We applied the generalized-growth model to 20 infectious disease outbreaks representing a range of transmission routes. We uncovered epidemic profiles ranging from very slow growth (p=0.14 for the Ebola outbreak in Bomi, Liberia (2014)) to near exponential (p>0.9 for the smallpox outbreak in Khulna (1972), and the 1918 pandemic influenza in San Francisco). The foot-and-mouth disease outbreak in Uruguay displayed a profile of slower growth while the growth pattern of the HIV/AIDS epidemic in Japan was approximately linear. The West African Ebola epidemic provided a unique opportunity to explore how growth profiles vary by geography; analysis of the largest district-level outbreaks revealed substantial growth variations (mean p=0.59, range: 0.14-0.97). The districts of Margibi in Liberia and Bombali and Bo in Sierra Leone had near-exponential growth, while the districts of Bomi in Liberia and Kenema in Sierra Leone displayed near constant incidences.

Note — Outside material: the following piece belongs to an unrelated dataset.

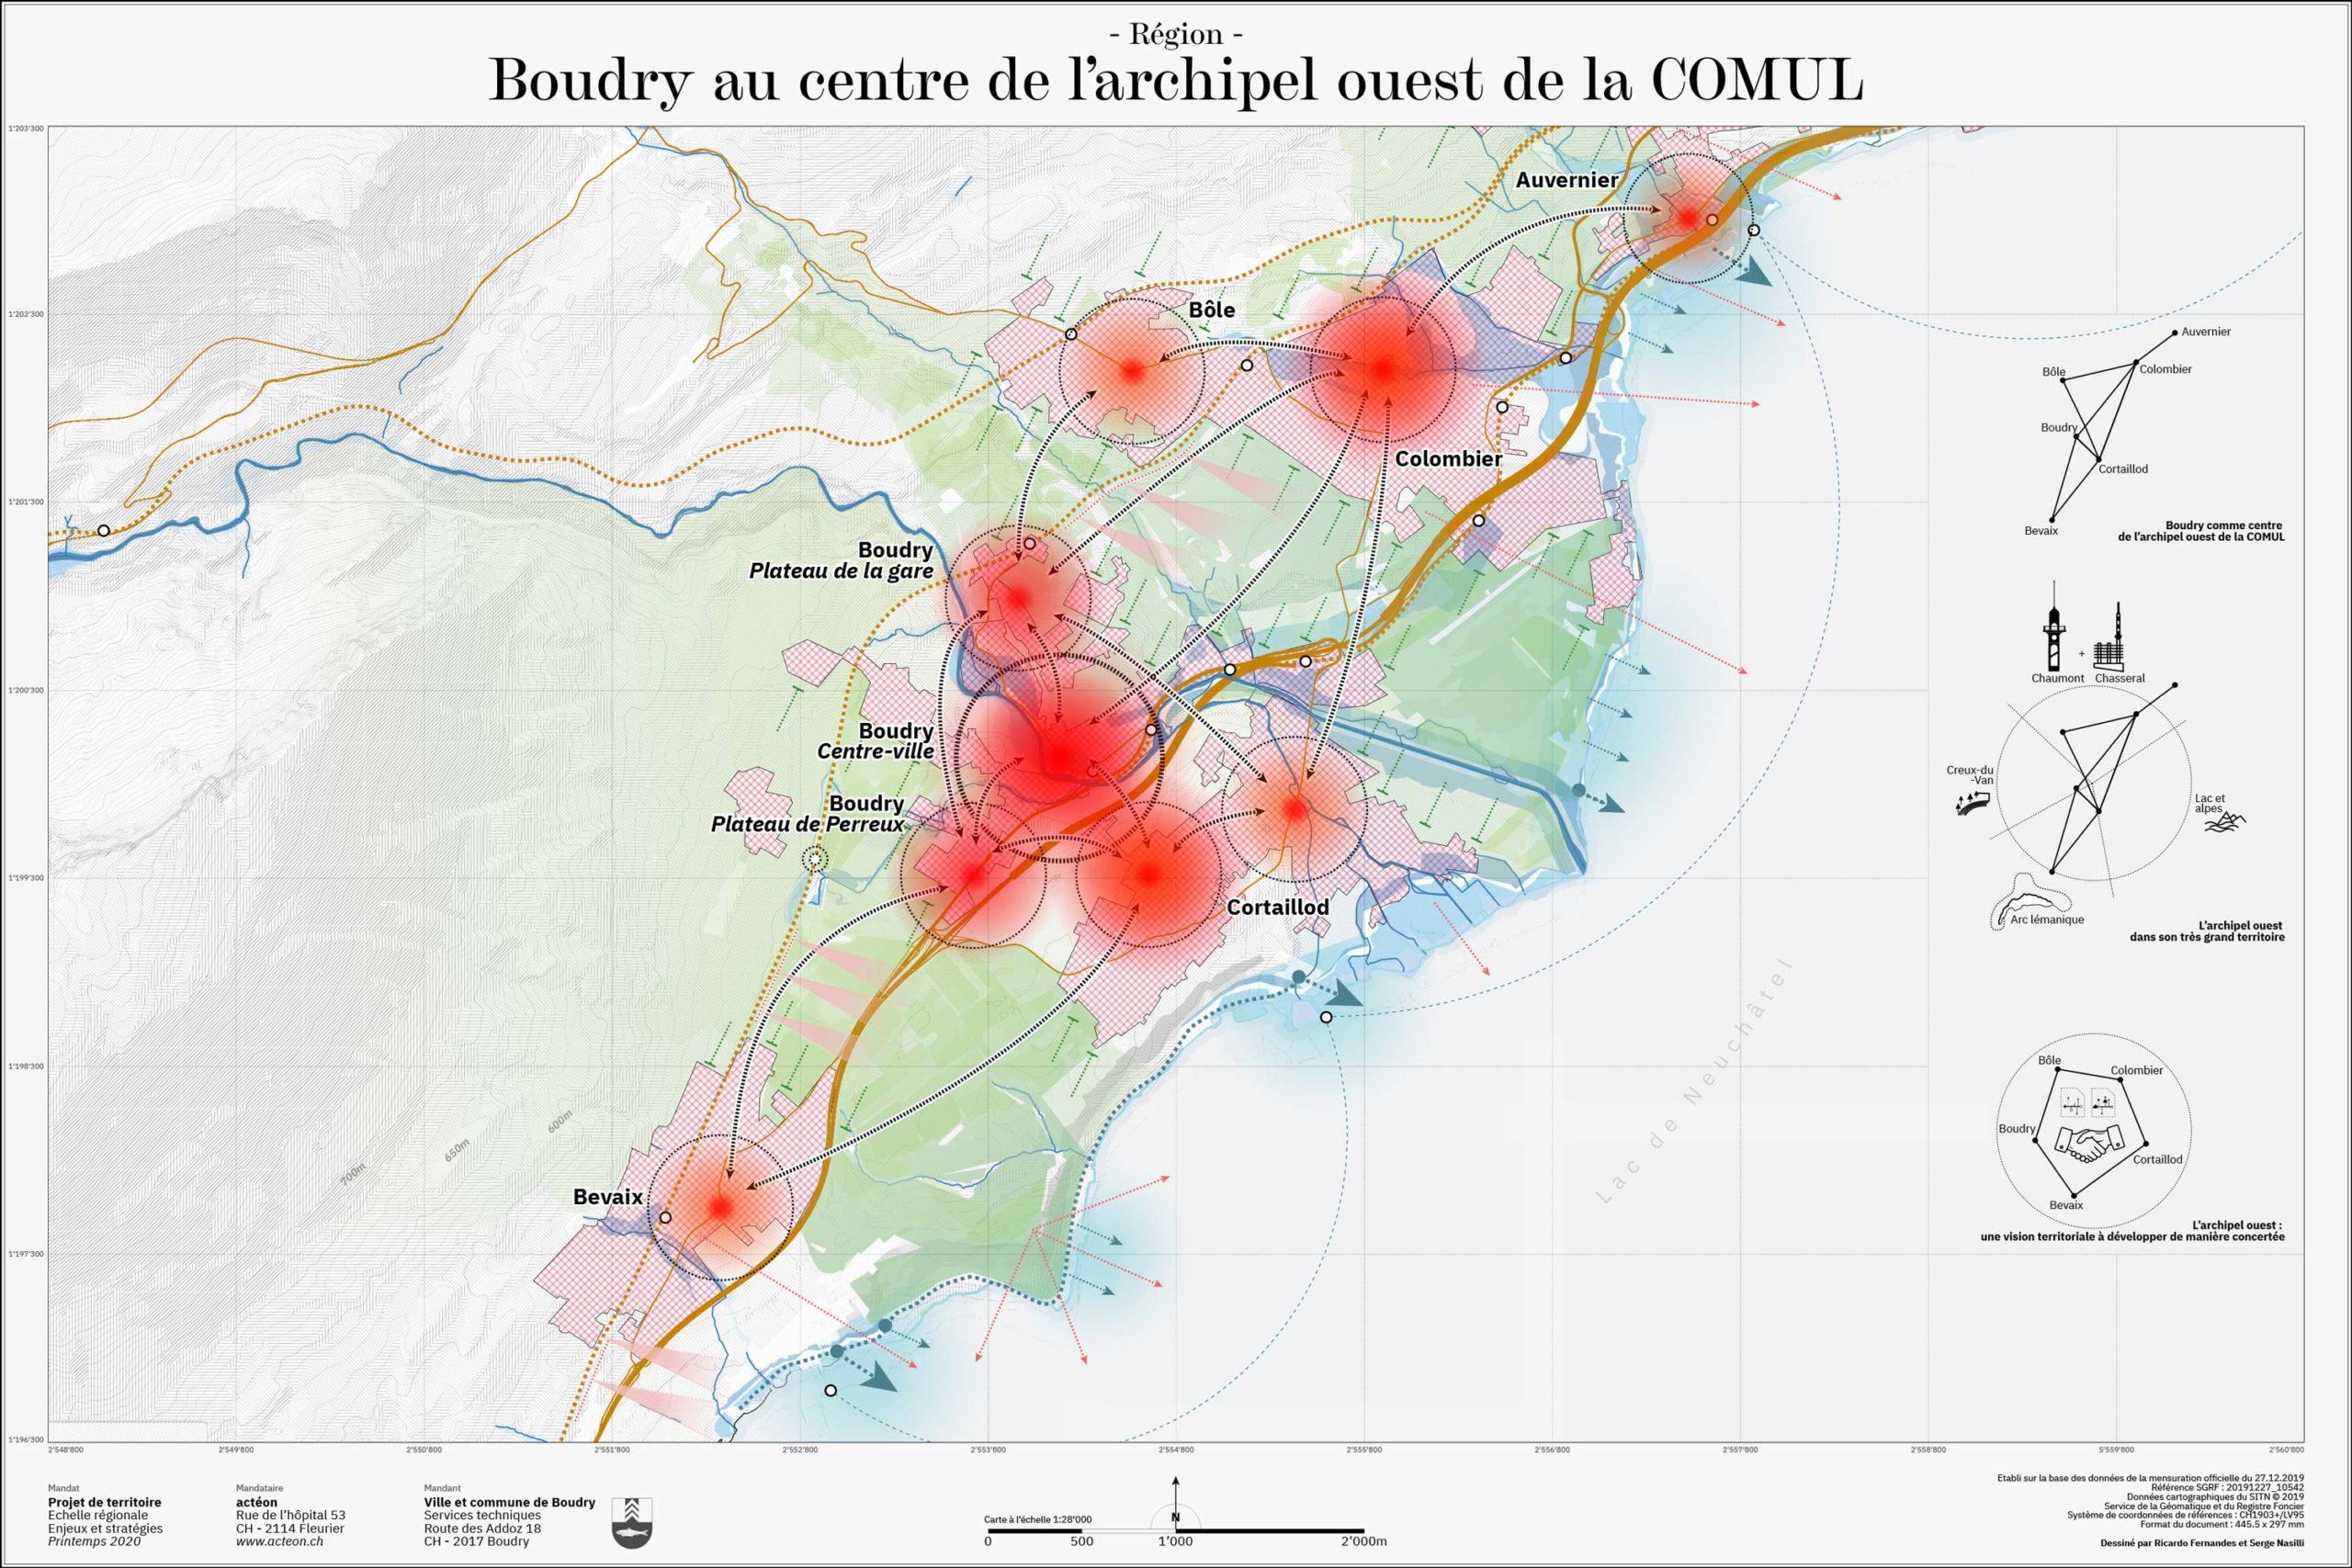 COMUL cartographie urbanisme actéon

We introduce a 2-parameter generalized-growth model to characterize the ascending phase of an outbreak and capture epidemic profiles ranging from sub-exponential to exponential growth. We test the model against empirical outbreak data representing a variety of viral pathogens in historic and contemporary populations, and provide simulations highlighting the importance of sub-exponential growth for forecasting purposes.
Our findings reveal significant variation in epidemic growth patterns across different infectious disease outbreaks and highlights that sub-exponential growth is a common phenomenon, especially for pathogens that are not airborne. Sub-exponential growth profiles may result from heterogeneity in contact structures or risk groups, reactive behavior changes, or the early onset of interventions strategies, and consideration of "deceleration parameters" may be useful to refine existing mathematical transmission models and improve disease forecasts.
A better characterization of the early growth dynamics of an epidemic is needed to dissect the important drivers of disease transmission, refine existing transmission models, and improve disease forecasts.